From above shot of an opened notebook and a pen laying right in the middle of it. The pages are blank, the pen is black.

How I process the loss of my Dog after 16 years of unconditional Love

We had to let our family dog go. She died of cancer, fuck*ng, assh*le cancer. That’s actually how most people reacted when I told them. “Ugh, that sh*t cancer!”, they said. Yes, she was sick, but she got quite old. “What an exceptional age for a dog!” is the other typical answer. She would have been sixteen in October. She would have… We could have… Phrases of “would” and “could” are circling in my head. I wish we would have had more time together. It doesn’t matter how old our furry best friends get, it’s just never enough time spent together. So what do you do when you lost that pet, that family member you have spent almost every waking minute with? You are grieving. But how does one survive that grief? I write letters to Amy, my best furry friend.

I never thought I would be capable to endure this. I knew that day would come when we have to say goodbye, but I wasn’t even facing it in my worst nightmares. I shut the door to that thought, I didn’t prepare. So facing the loss now, especially the physical loss of our beloved dog, seems like an impossible quest. At first, nothing made sense anymore. I had no motivation at all. Nothing made me happy. I would have given everything I possess, which isn’t much, just to have her back. I would go back in time, I would let Aliens abduct me, I would do anything possible and endure the worst and craziest things, just to have one more day with her. But I can’t. Our concept of time and space isn’t built like that and/or I don’t have the power to simply change it. I wish I had.

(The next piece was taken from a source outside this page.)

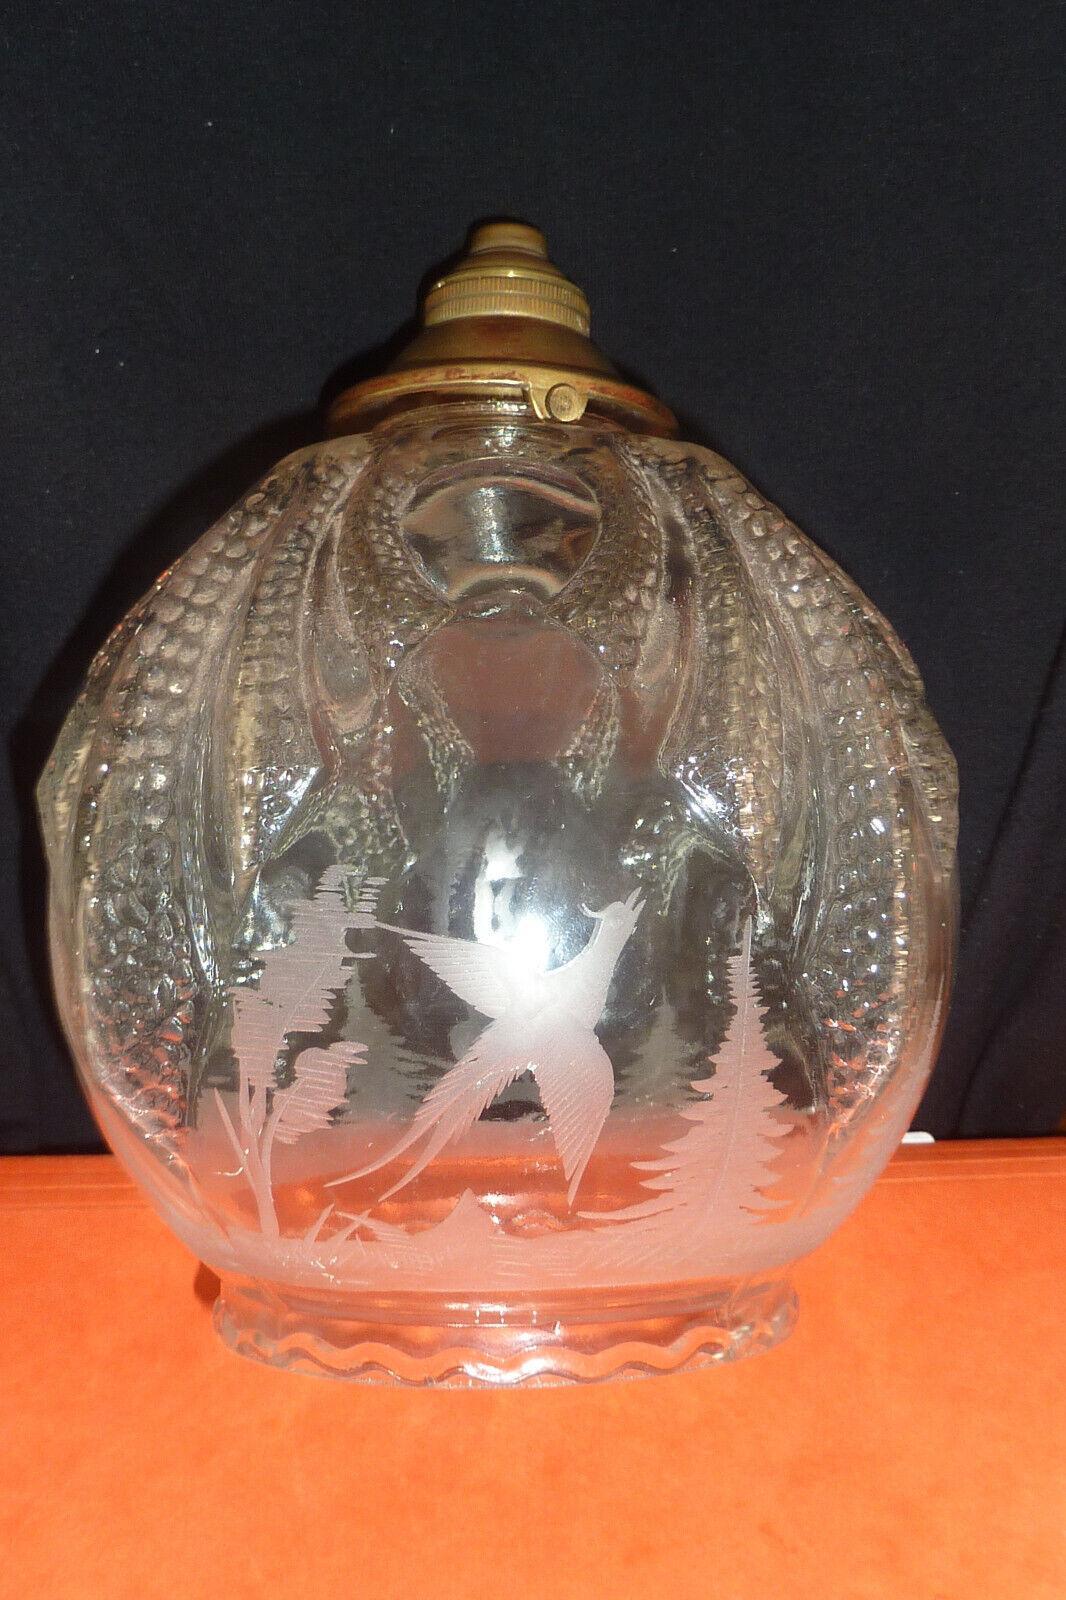 Lanterne de plafond en cristal sculpté Art déco français des années 1920. Des animaux de la forêt en train de jouer sont sculptés dans le cristal. Veuillez regarder attentivement les photos. Il s'agit d'un trésor rare.

Somehow, we make it through – which doesn’t mean you will stop crying anytime soon

Sharing your feelings and pain can return a tiny feeling of relief. You are not alone out there. Millions of people and even animals too go through these feelings, they all know loss and the excruciating pain of it. Somehow, we will make it through – which doesn’t mean you will stop crying anytime soon. I share my loss in a Facebook group that has also helped us fighting other obstacles when our brave terrier girl was still alive. I talk about my sadness with everyone I feel comfortable around. Sometimes, that’s not enough. The first day without her, I had to wake up without her, start the day without her, try to go on without her. It was unbearable. It was like the pain was pulling on me, tearing me apart and if I was exploding from suffering. I was screaming and I was crying and there was no stopping.

So I went outside. I needed to breathe, I needed fresh air. I sat down on the top of the stairs beside our balcony. The wind was blowing through my face and I held my head high in the air. I thought of Amy and what she would use to do every time I carried her outside. I would stop and stand while holding her in my arms and she would hold her sweet little face up high in the sky. We would pause for a moment. Then, I could hear and feel her breathing, how she inhaled little pinches of air and all kinds of smell through her nose: grass, birds, worms, apples, cats, trees, flowers, the street outside the garden, the cars, other dogs… Remembering her gesture made me cry even more and I felt the biggest urge to communicate with her.

With every written word and every new sentence I felt a little better

Of course, I thought of her. I talked to her in my mind, but that just wasn’t enough, not at that moment. So I went inside and got my writing block and a pen I liked, walked back out again, sat down on top of the stairs and started writing “Dear Amy,…”. It was so easy. The words and the feelings flowed right through me and through my hand to the pen and onto the paper. Slowly, and with every written word and every new sentence I felt a little better. Sometimes, when I asked a question it seemed like she was communicating to me through the wind that has turned into short but strong gusts. I hoped and believed she was there, somewhere with me. I still do.

Maybe, you think, you are not one to write letters or to write at all. It’s not about that. What you write doesn’t have to be Jane Austen or Shakespeare. You do you. You write from your heart, from your head, whatever serves you to turn the pain you feel into love, light, gratitude and relief. What you are going through right now is hard enough, don’t be your hardest critic or your worst enemy. Your beloved pet would not want to see you suffer, so try to get better, little by little. Coping with loss has many faces and writing letters has helped me to go on. It would make me happy if it would help you too. Just give it a go, don’t think about it too much. You only need some paper, a pen and a place where you can comfortably write.

Do whatever serves you to turn the pain you feel into love and gratitude

It could be the favourite place of your lost pet or your most comfy corner. Perhaps the rooms that once were filled with the noises of your pet now feel haunted and you need to get out. That’s fine. Just go, go outside, take walks, go into nature or into parks, go into a cafe. Go to a place where the pain is less present. Try to find a bit of peace and then, slowly, let your thoughts and your pain run through you, from your hand to your pen onto the paper. Hopefully, you will find a little relief and be happy every time a sweet memory appears in your mind.

Sending you lots of love to get through the pain.

Photograph of the lost pet I write letters to: a white West Highland Terrier lays on a pillow with his head between her paws while looking directly into the camera. It's a black and white photograph.